Providing guidance or consulting to organizations on cloud computing topics can be really easy, or really tough. In the past most of the initial engagement was dedicated to training and building awareness with your customer. The next step was finding a high value, low risk application or service that could be moved to Infrastructure as a Service (IaaS) to solve an immediate problem, normally associated with disaster recovery or data backups.
As the years have continued, dynamics changed. On one hand, IT professionals and CIOs began to establish better knowledge of what virtualization, cloud computing, and outsourcing could do for their organization. CFOs became aware of the financial potential of virtualization and cloud computing, and a healthy dialog between IT, operations, business units, and the CFO.
The “Internet Age” has also driven global competition down to the local level, forcing nearly all organizations to respond more rapidly to business opportunities. If a business unit cannot rapidly respond to the opportunity, which may require product and service development, the opportunity can be lost far more quickly than in the past.
In the old days, procurement of IT resources could require a fairly lengthy cycle. In the Internet Age, if an IT procurement cycle takes > 6 months, there is probably little chance to effectively meet the greatly shortened development cycle competitors in other continents – or across the street may be able to fulfill.
With IaaS the procurement cycle of IT resources can be within minutes, allowing business units to spend far more time developing products, services, and solutions, rather than dealing with the frustration of being powerless to respond to short window opportunities. This is of course addressing the essential cloud characteristics of Rapid Elasticity and On-Demand Self-Service.

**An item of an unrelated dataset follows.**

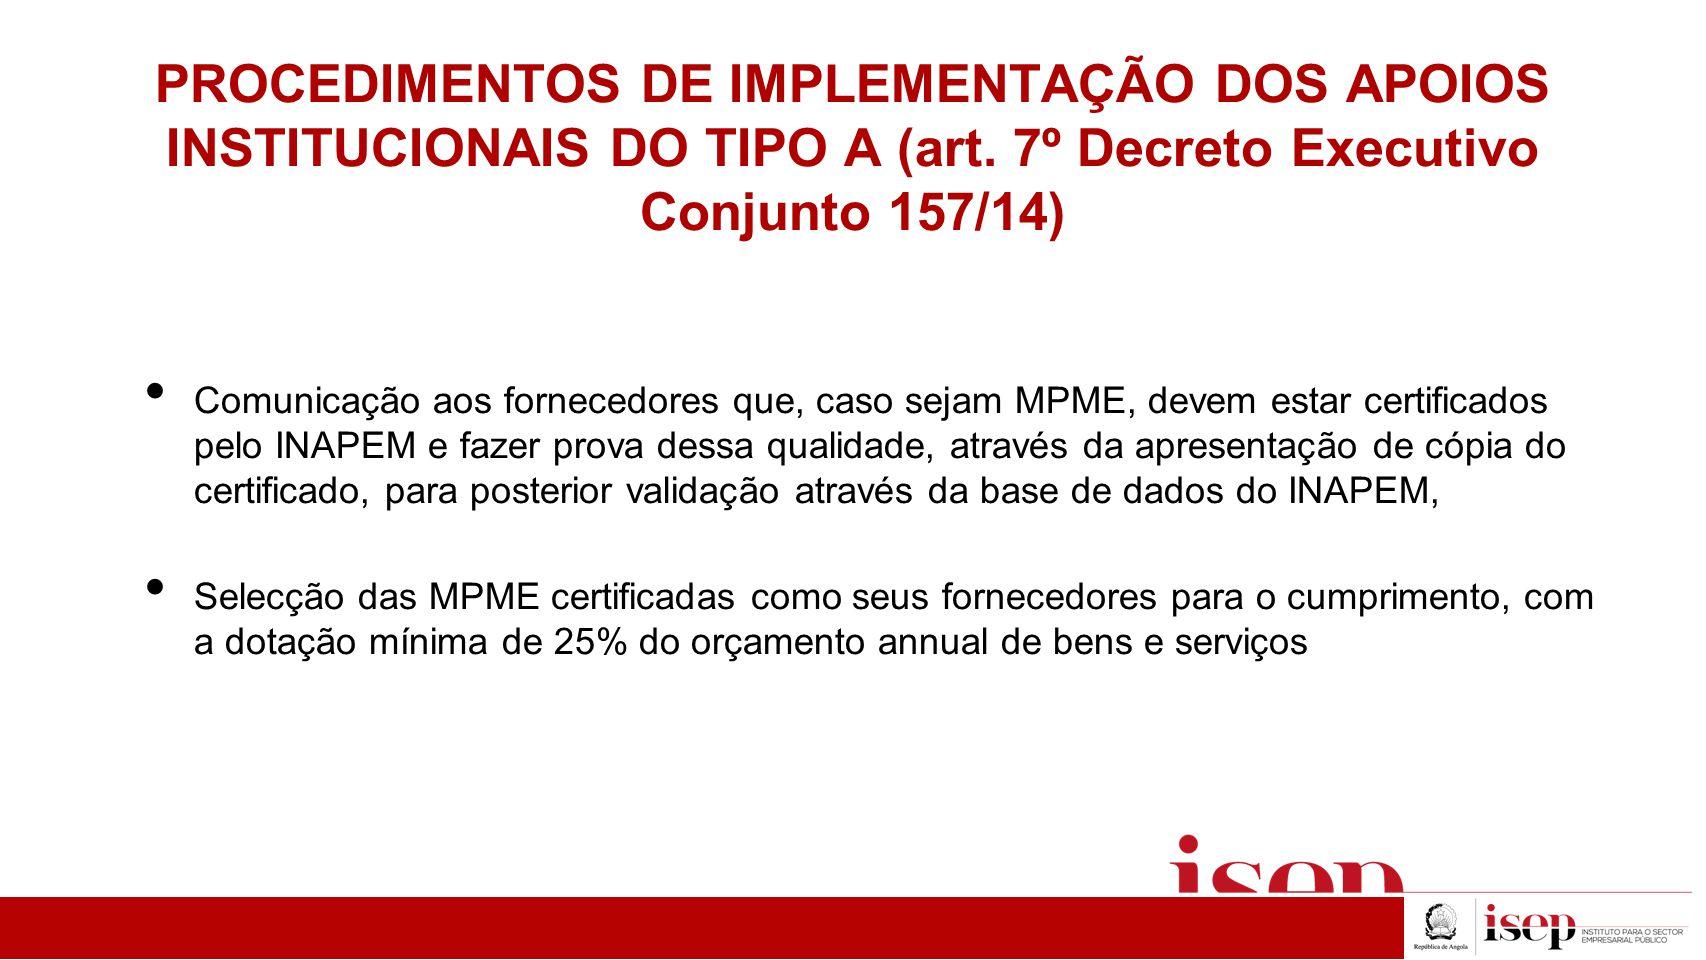 PROCEDIMENTOS DE IMPLEMENTAÇÃO DOS APOIOS INSTITUCIONAIS DO TIPO A (art. 7º Decreto Executivo Conjunto 157/14) Comunicação aos fornecedores que, caso

In addition to on-demand and elastic resources, IaaS has offered nearly all organizations the option of moving IT resources into either public or private cloud infrastructure. This has the benefit of allowing data center decommissioning, and re-commissioning into a virtual environment. The cost of operating data centers, maintaining data centers and IT equipment, and staffing data centers vs. outsourcing that infrastructure into a cloud is very interesting to CFOs, and a major justification for replacing physical data centers with virtual data centers.
The second dynamic, in addition to greater professional knowledge and awareness of cloud computing, is the fact we are starting to recruit cloud-aware employees graduating from universities and making their first steps into careers and workforce. With these “cloud savvy” young people comes deep experience with interoperable data, social media, big data, data analytics, and an intellectual separation between access devices and underlying IT infrastructure.

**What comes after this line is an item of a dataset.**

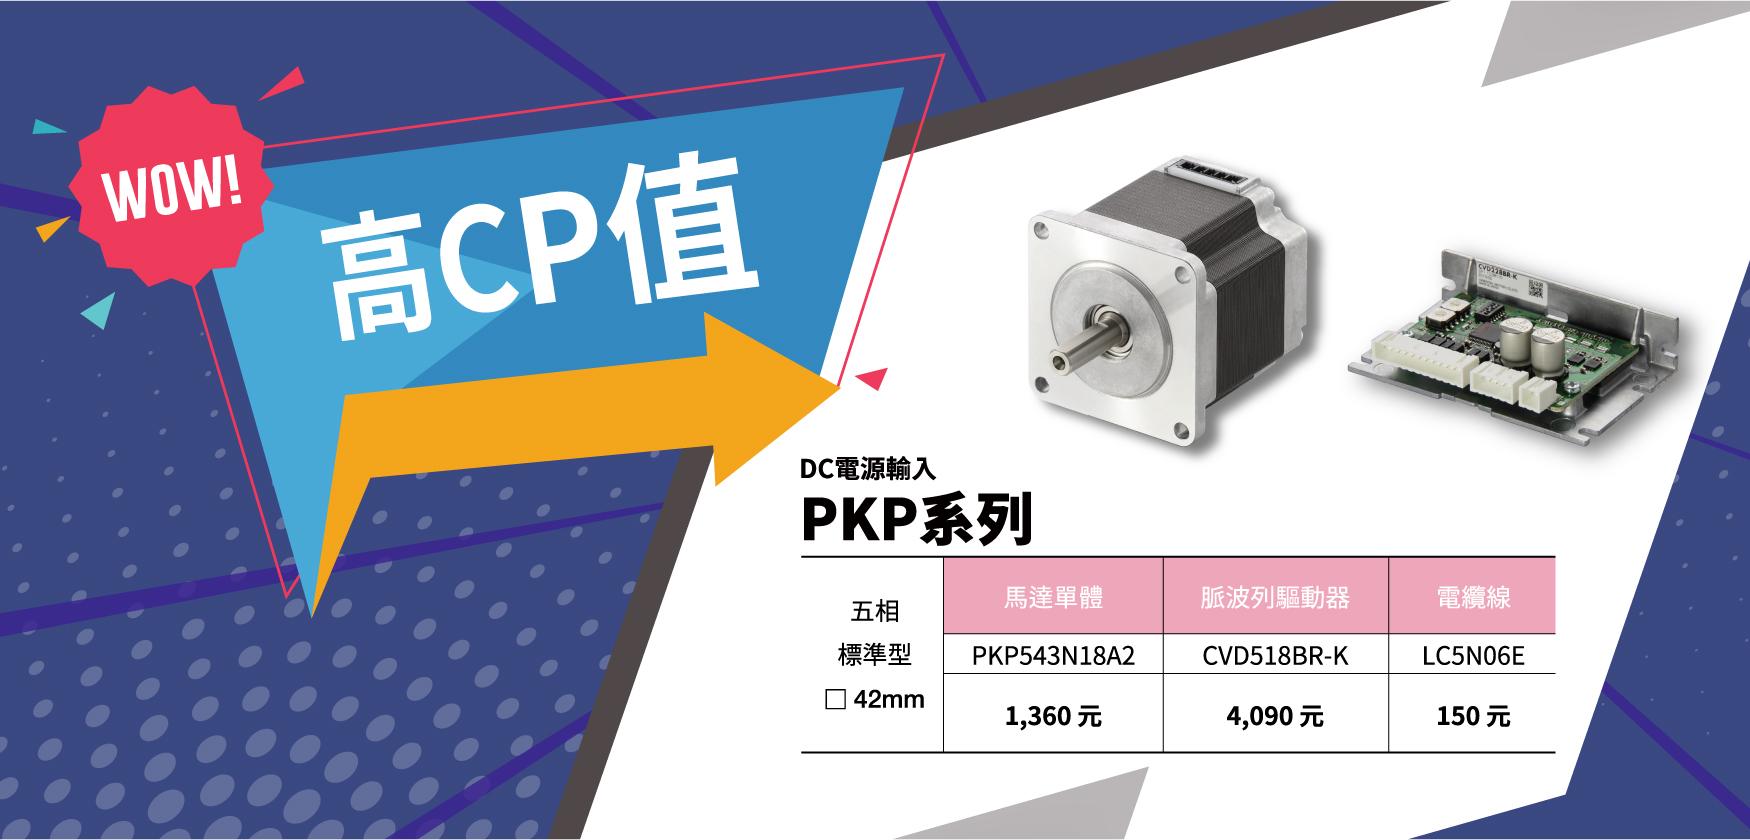 PKP系列 高性能下還有高CP值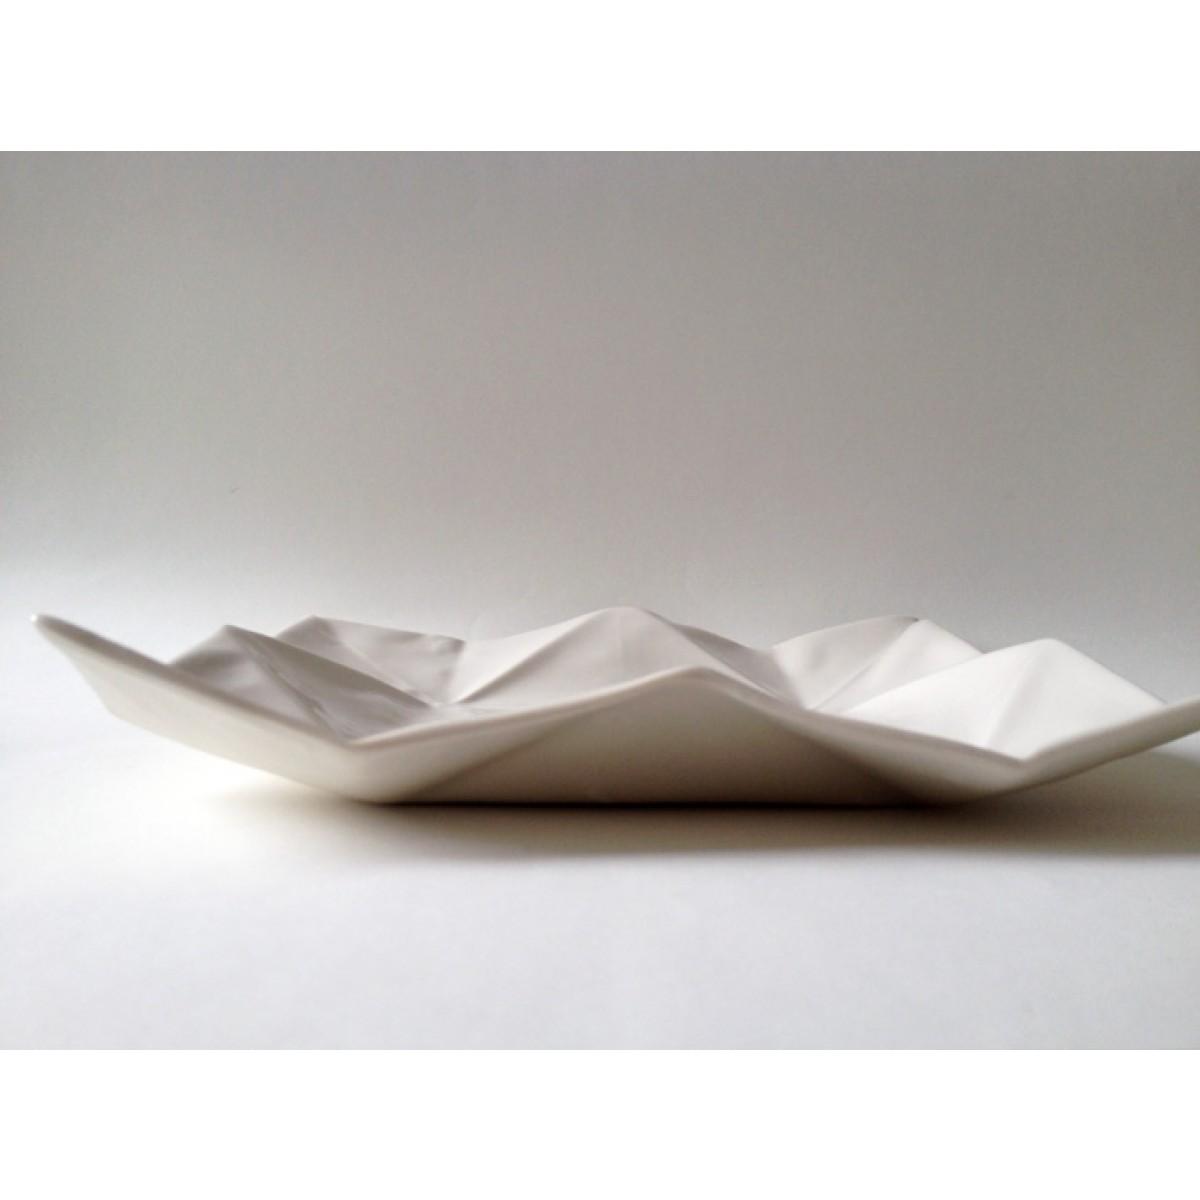 Origami Teller

The Next Step in Cloud Evolution
OK, so we all are generally aware of the components of IaaS, Platform as a Service (PaaS), and Software as a Service (SaaS). Let’s have a quick review of some standout features supported or enabled by cloud:
- Increased standardization of applications
- Increased standardization of data bases
- Federation of security systems (Authentication and Authorization)
- Service busses
- Development of other common applications (GIS, collaboration, etc.)
- Transparency of underlying hardware
Now let’s consider the need for better, real-time, accurate decision support systems (DSS). Within any organization the value of a DSS is dependent on data integrity, data access (open data within/without an organization), and single-source data.

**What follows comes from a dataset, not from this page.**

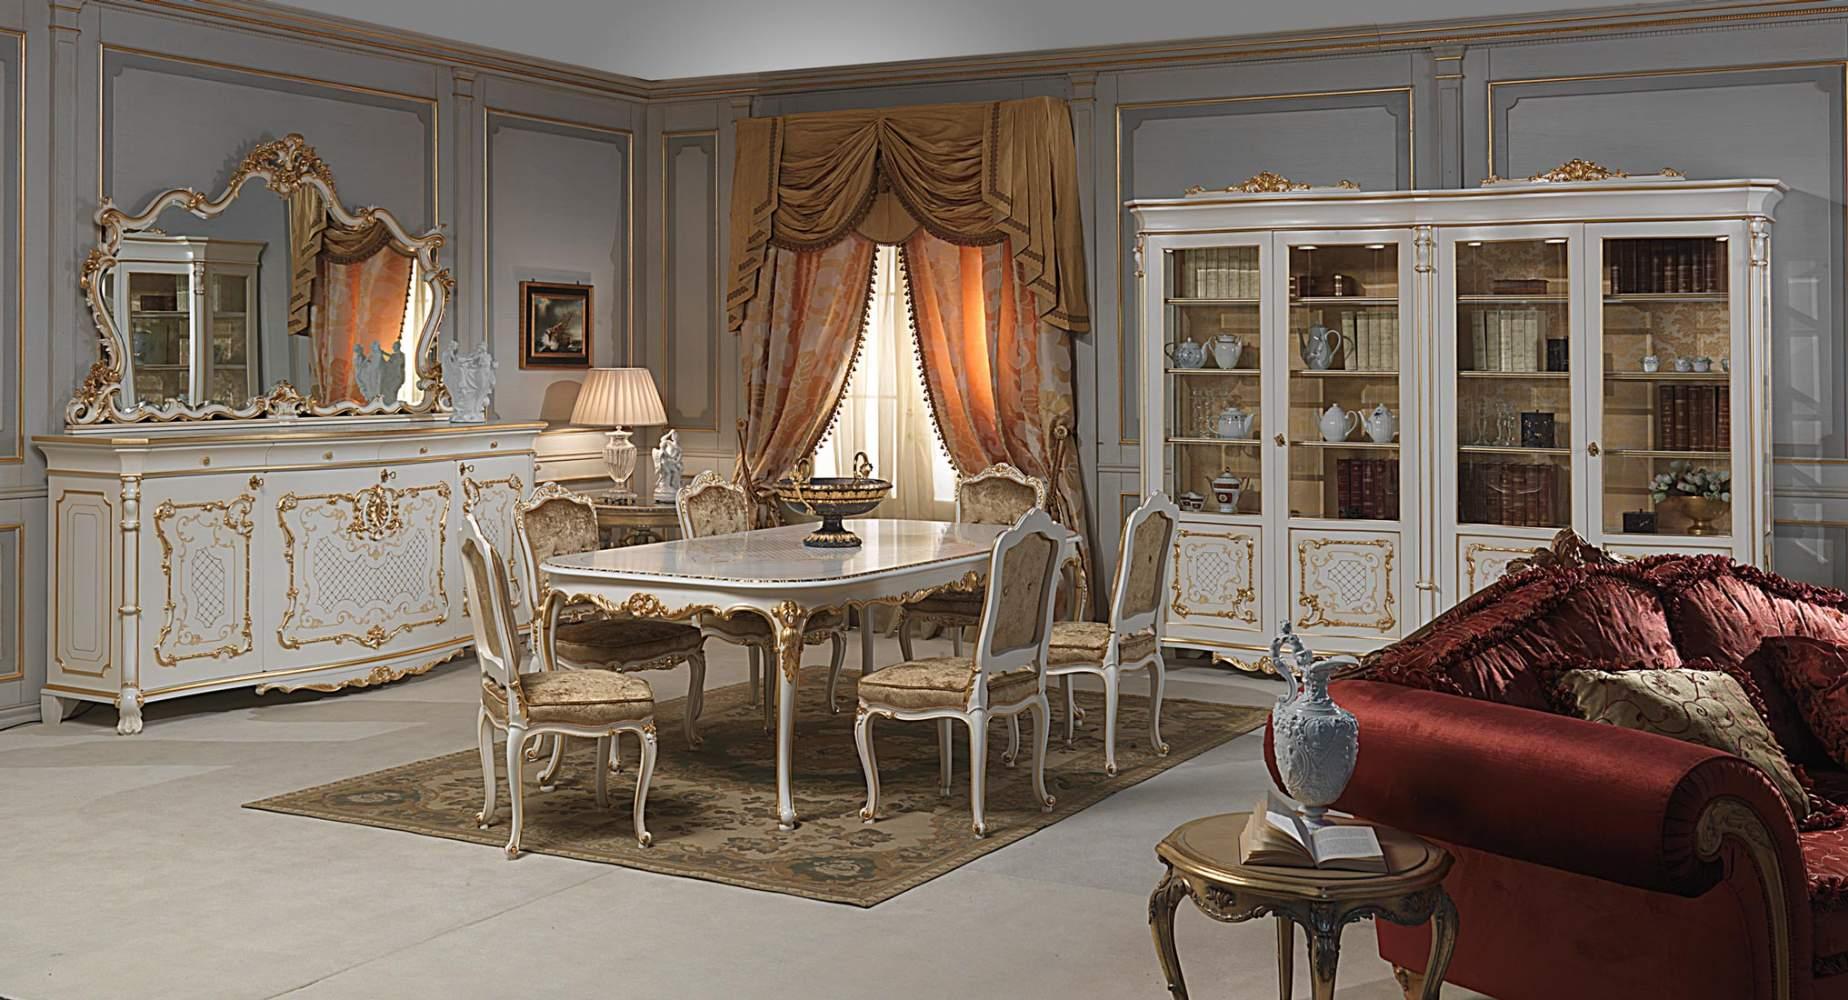 Sala Da Pranzo In Stile Luigi XV: Tavolo E Sedie Intagiati Credenza  #9E562D 1848 1000 Mobili Bianchi Sala Da Pranzo

Frameworks for developing an effective DSS are certainly available, whether it is TOGAF, the US Federal Enterprise Architecture Framework (FEAF), interoperability frameworks, and service-oriented architectures (SOA). All are fully compatible with the tools made available within the basic cloud service delivery models (IaaS, PaaS, SaaS).
The Open Group (same organization which developed TOGAF) has responded with their model of a Cloud Computing Service Oriented Infrastructure (SOCCI) Framework. The SOCCI is identified as the marriage of a Service-Oriented Infrastructure and cloud computing. The SOCCI also incorporates aspects of TOGAF into the framework, which may drive more credibility into a SOCCI architectural development process.
The expected result of this effort is for existing organizations dealing with departmental “silos” of IT infrastructure, data, and applications, a level of interoperability and DSS development based on service-orientation, using a well-designed underlying cloud infrastructure. This data sharing can be extended beyond the (virtual) firewall to others in an organization’s trading or governmental community, resulting in DSS which will become closer and closer to an architecture vision based on the true value of data produced, or made available to an organization.
While we most certainly need IaaS, and the value of moving to virtual data centers is justified by itself, we will not truly benefit from the potential of cloud computing until we understand the potential of data produced and available to decision makers.
The opportunity will need a broad spectrum of contributors and participants with awareness and training in disciplines ranging from technical capabilities, to enterprise architecture, to service delivery, and governance acceptable to a cloud-enabled IT world.
For those who are eagerly consuming training and knowledge in the above skills and knowledge, the future is anything but cloudy. For those who believe in status quo, let’s hope you are close to pension and retirement, as this is your future.